__What this task involves__. Without the pictures, restate all of the data below word for word.

__Information provided__.
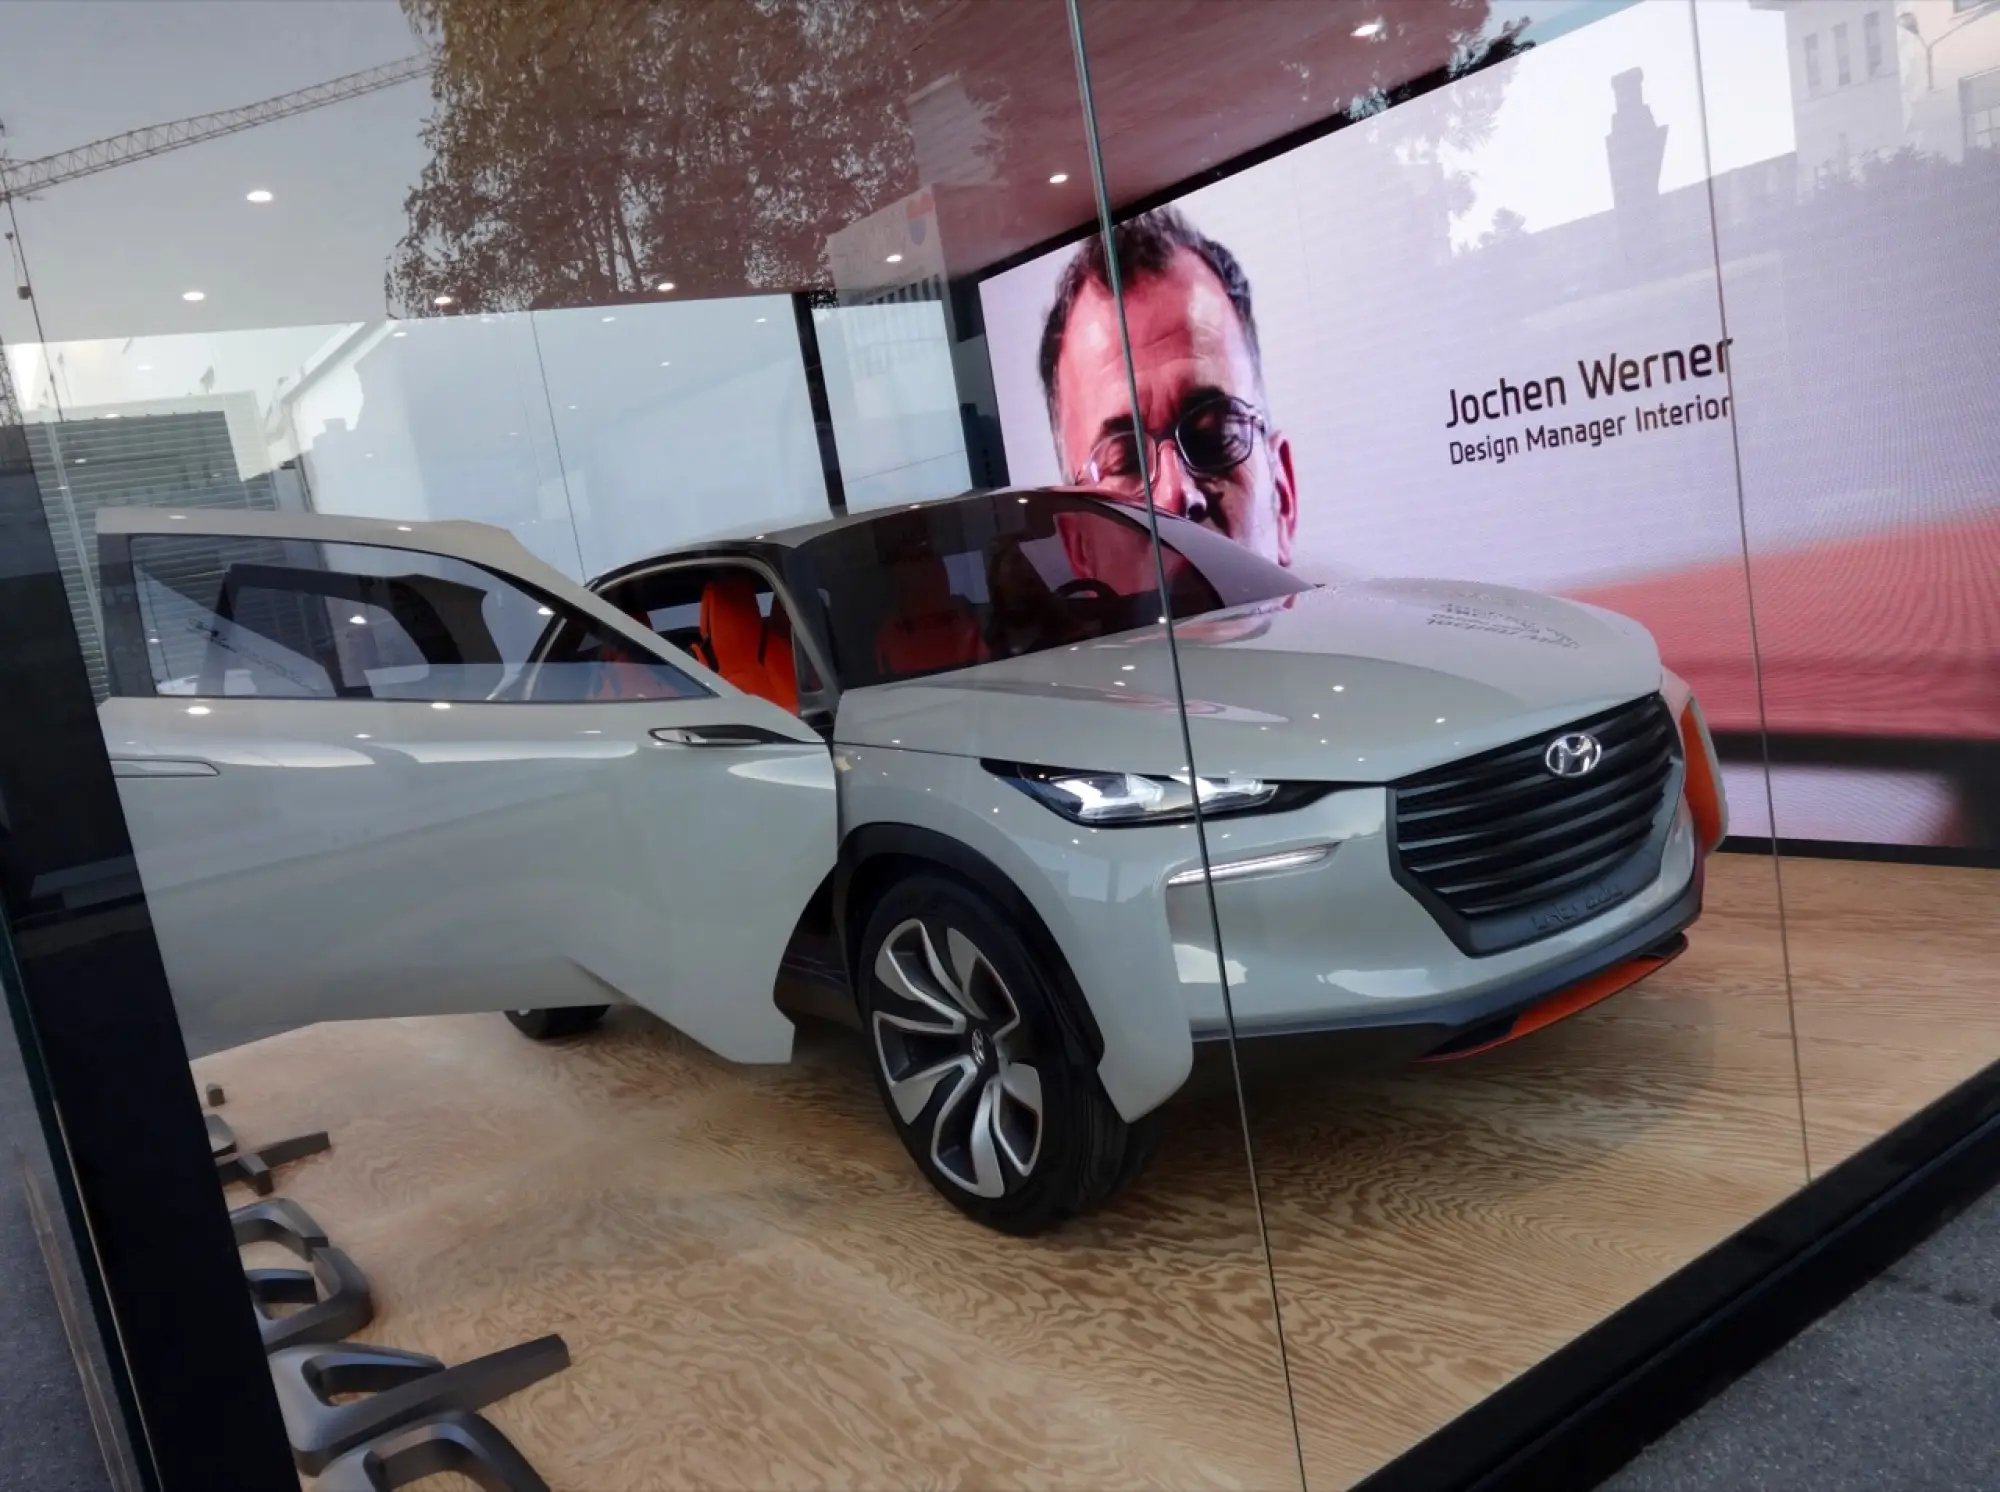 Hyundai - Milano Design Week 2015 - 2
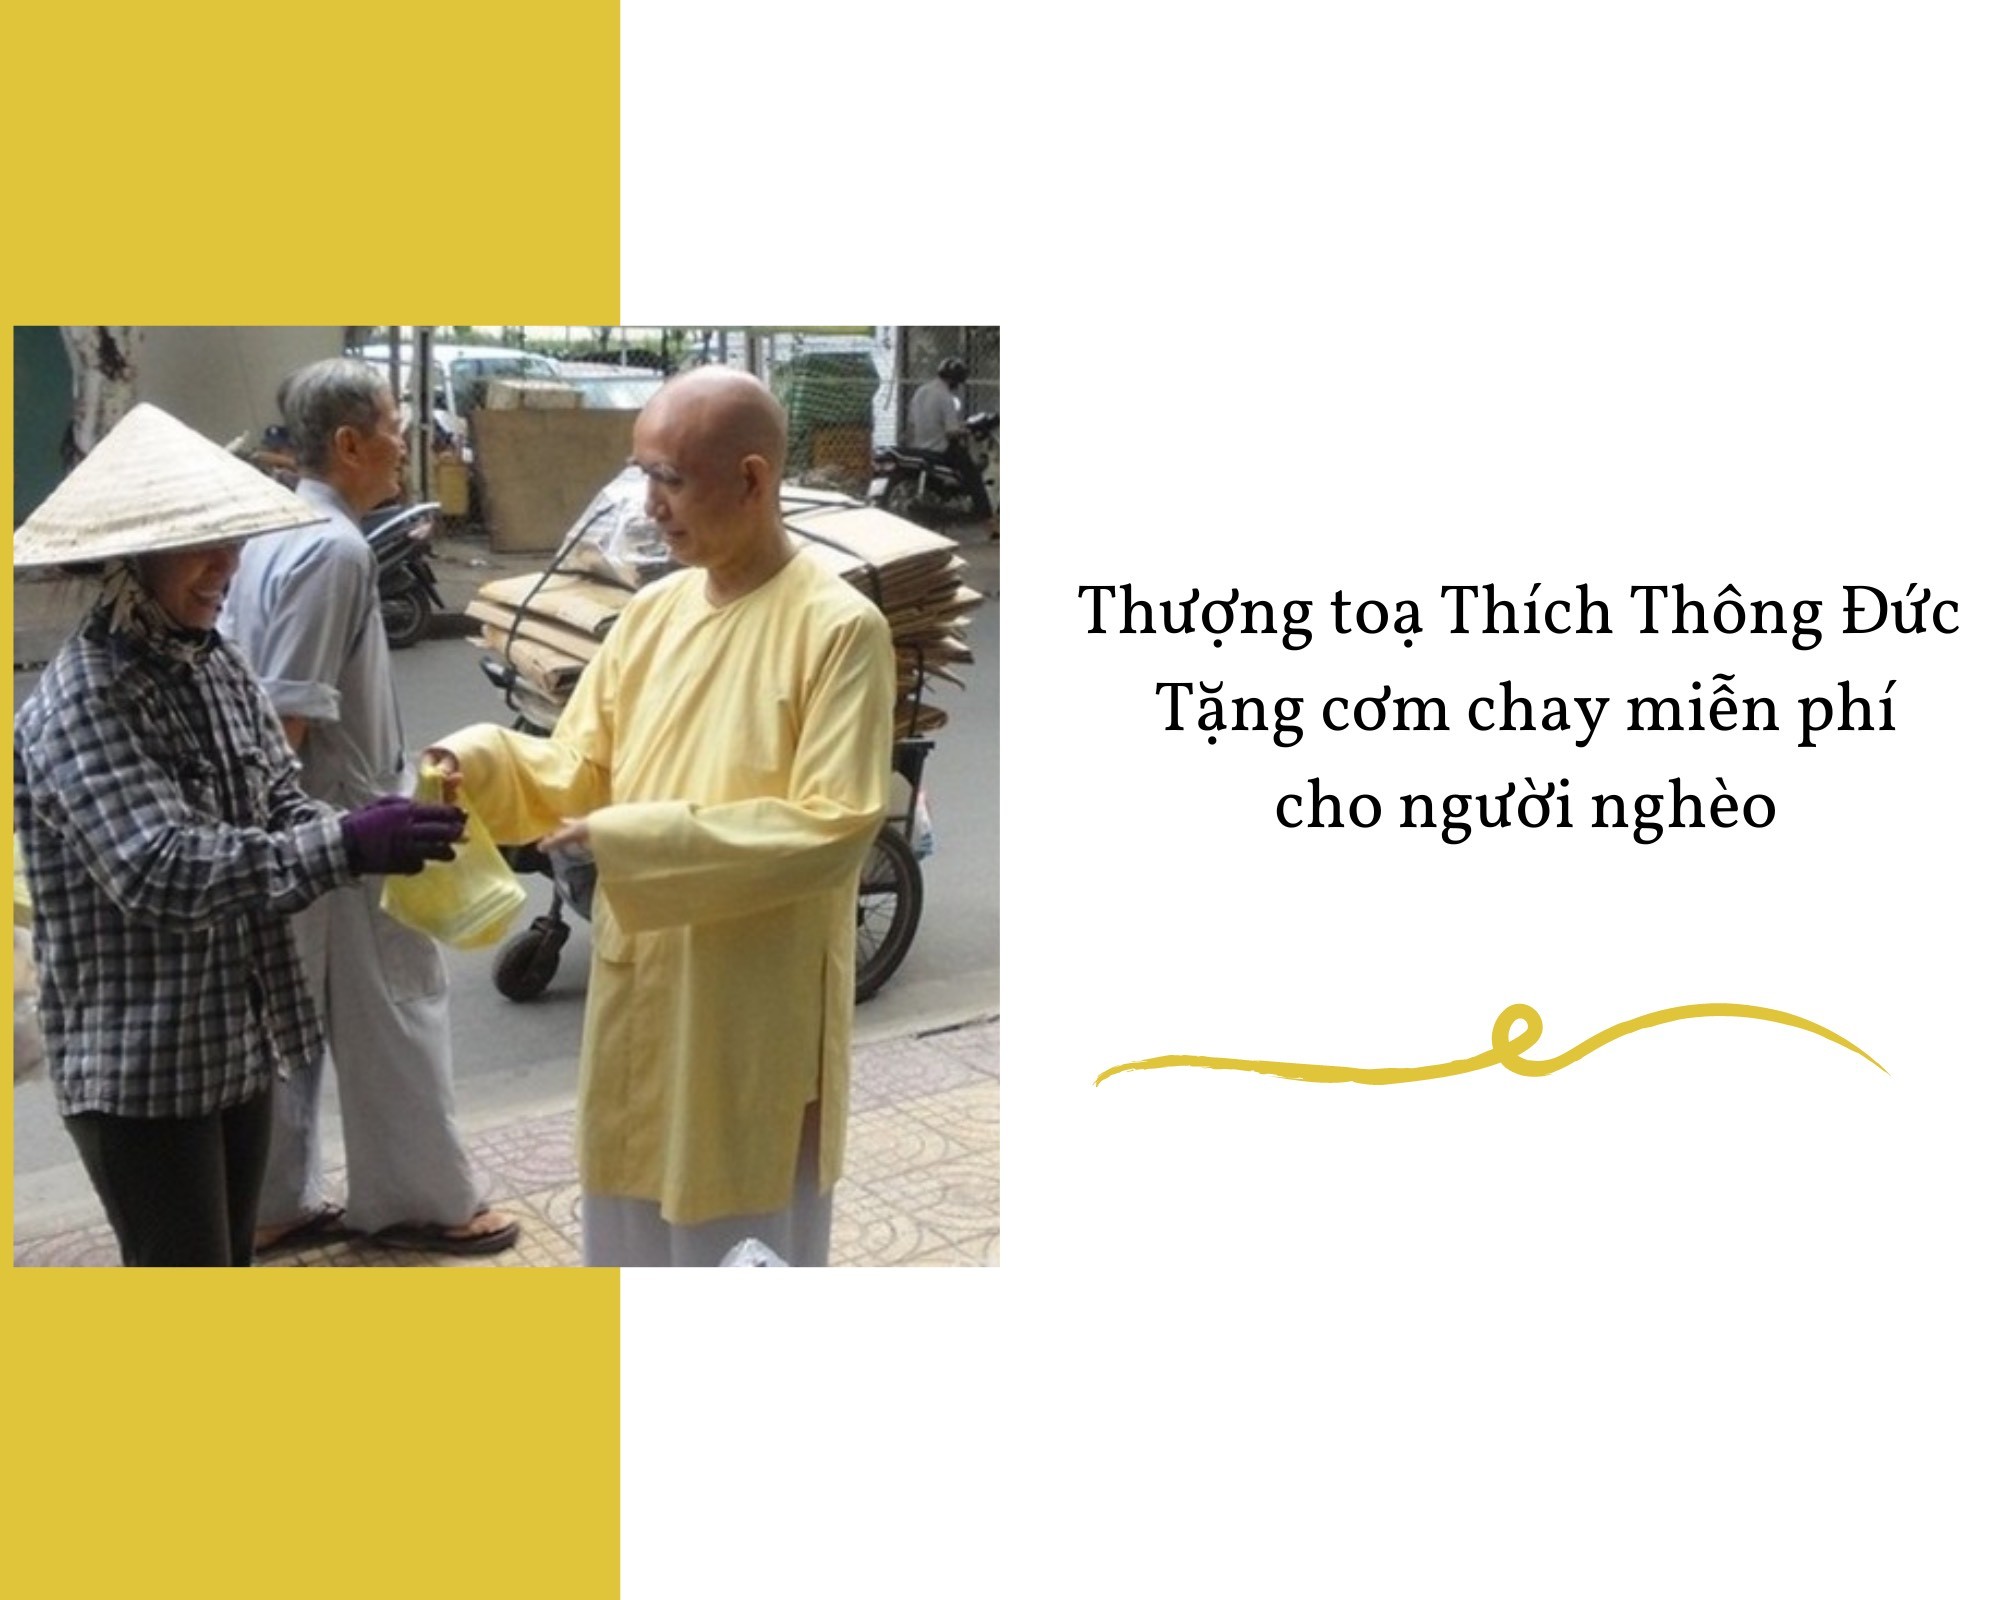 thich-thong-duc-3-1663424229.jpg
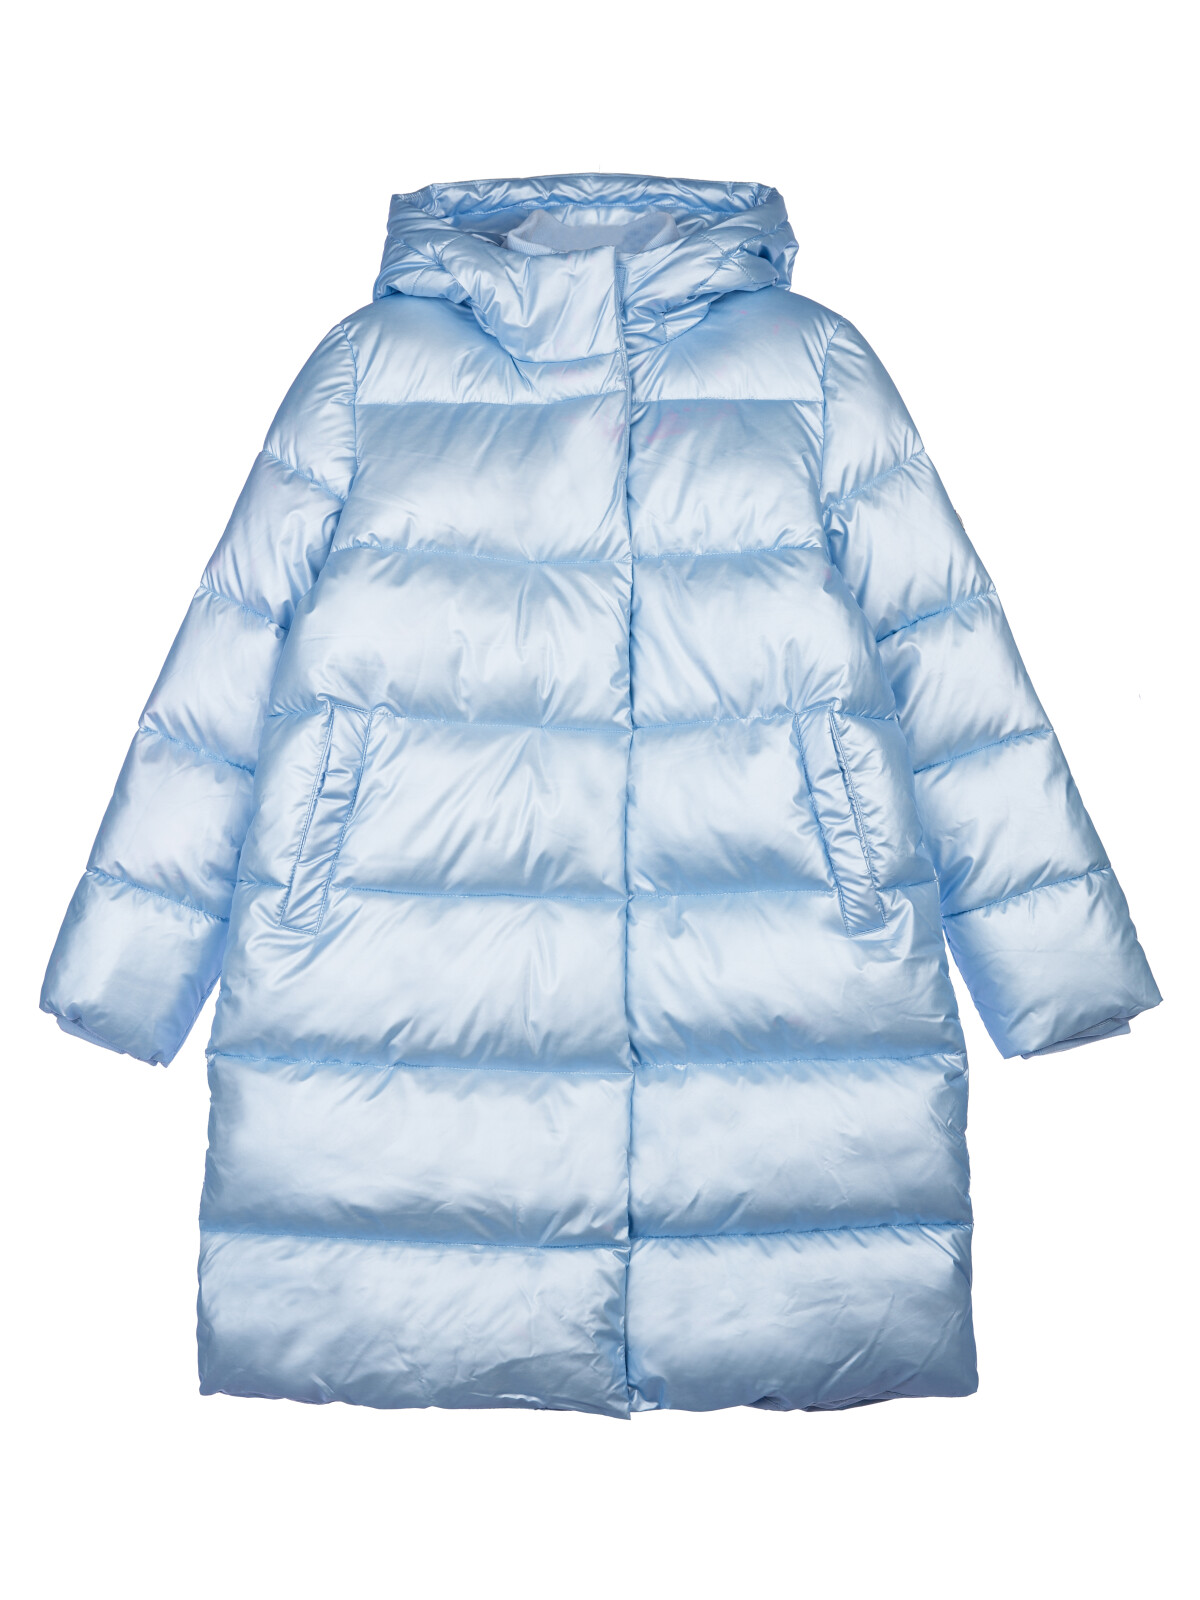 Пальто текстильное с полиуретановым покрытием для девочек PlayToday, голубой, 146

__Answer for the task__.
 Hyundai - Milano Design Week 2015 - 2
 thich-thong-duc-3-1663424229.jpg
 Пальто текстильное с полиуретановым покрытием для девочек PlayToday, голубой, 146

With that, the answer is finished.